Ребёнка растили по системе «всё время на руках». Жена подняла горы информации и регулярно зачитывала мне цитаты из книги о некоем полудиком племени, живущем в дебрях южноамериканских джунглей: эти ребята приучали младенцев висеть на матерях и отцах. Если верить авторам книги — дети вырастали спокойными и крепкими. Хотя, в общем, если б я родился и вырос в джунглях — наверняка тоже был бы спокойным и крепким. Тягал бы с веток папайю, пил из ручья и вместо железобетонной коробки ночевал под навесом из пальмовых листьев, в обнимку с домашними животными, и они лизали бы шершавыми языками мои пятки; клянусь Богом, я становлюсь крепче и спокойнее от одной мысли об этом.

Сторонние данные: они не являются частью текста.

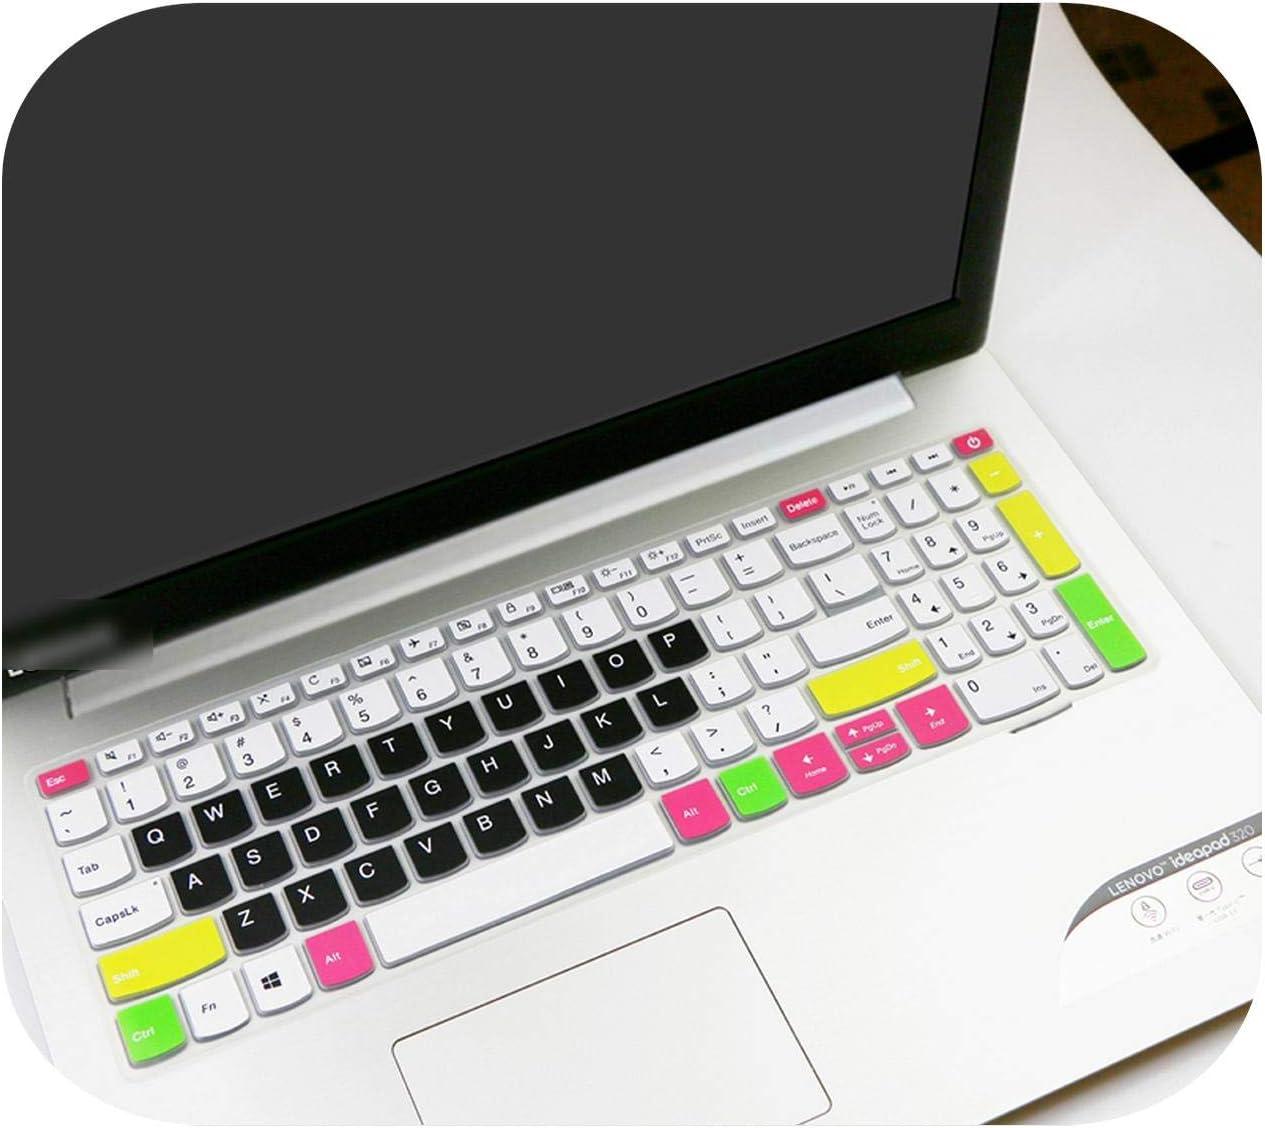 for Lenovo Ideapad 520 520 15 520 15Ikb 520 15Ikbr 720 720 15Ikba 720 15Ikbr 15.6 Inch 15 Laptop Notebook Keyboard Cover Skin-Rainbow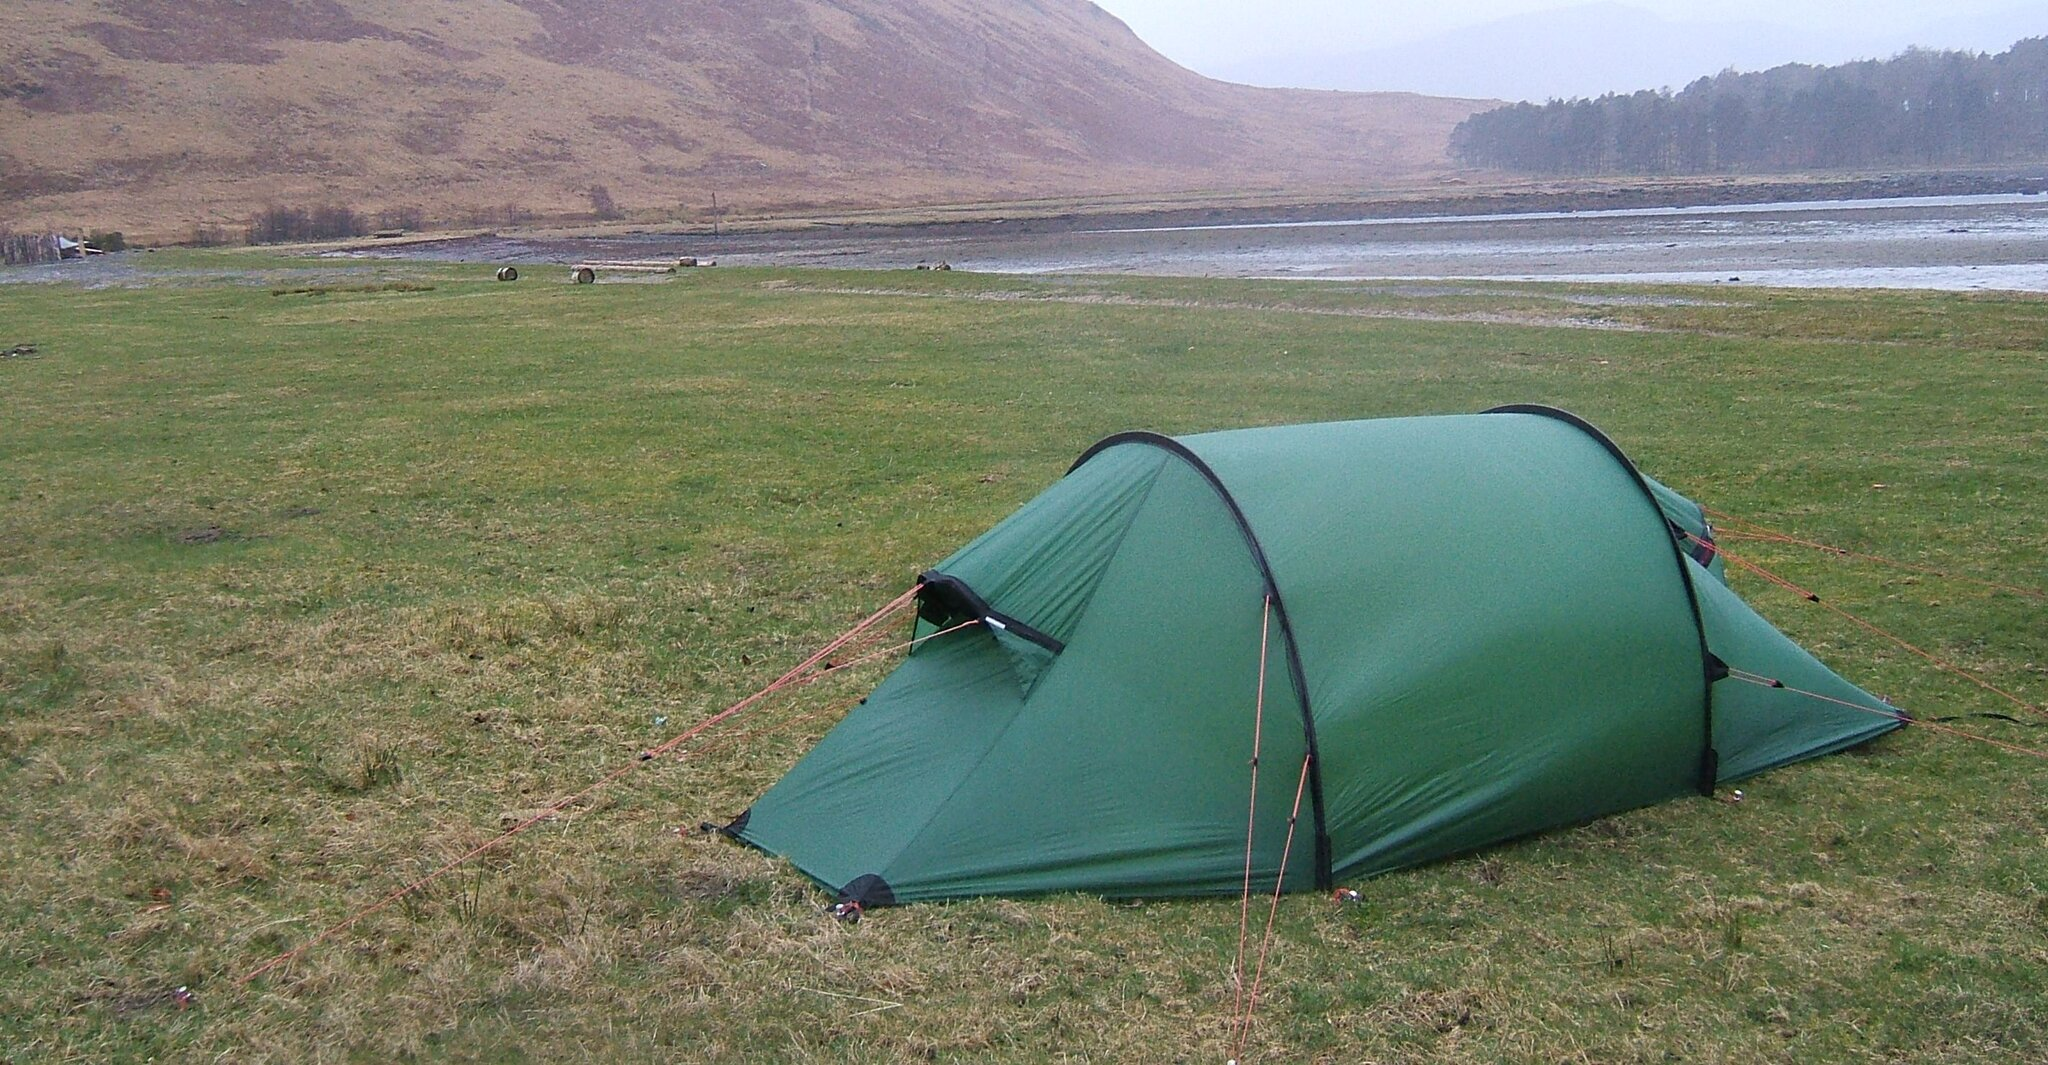 namiot Źródło: LHOON, licencja: CC BY-SA 2.5.

Никаких кормлений по расписанию. Никаких сосок. Конечно, жена была права. Детёныш должен держаться как можно ближе к матери. Маленькие дети обезьян висят на своих меланхоличных мамашах, то в живот вцепится, то в спину, что может быть проще? Чадо, пребывающее на руках взрослого, поневоле участвует во взрослой жизни, слышит взрослые разговоры и наблюдает за действиями взрослых. Ну и разумеется, энергия: ребёнок — мощный генератор всех положительных энергий, какие только существуют. Сияющая от удовольствия дочь взирала на мир с высоты полутора метров. Трое взрослых — мать, бабка и примкнувший к ним отец — превратились в её личных биороботов. Дочь мяукала — ей давали есть. Она кряхтела — её несли какать.
Тёща — основной апологет концепции — умела держать ребёнка одной рукой, а второй рукой без усилий готовила обед из трёх блюд. Она вырастила двух дочерей, а затем — после некоторого естественного перерыва — ещё двоих внуков. Однажды на кухне я увидел, как тёща, одной рукой прижимая к себе младенца, второй помешивала в кастрюле — и вдруг из складок одежды появилась третья рука, чиркнула спичкой и зажгла ещё один огонь на плите. Это впечатляло. Многие умные и талантливые люди после тридцати-сорока лет активной жизни умеют открывать третий глаз или отращивать третью руку, теоретически я это знал — но видел впервые.
К началу зимы разноцветные тряпки стали появляться во множестве. Жена вступила в бурную переписку с единомышленницами. Теперь у входной двери висела слинго-куртка.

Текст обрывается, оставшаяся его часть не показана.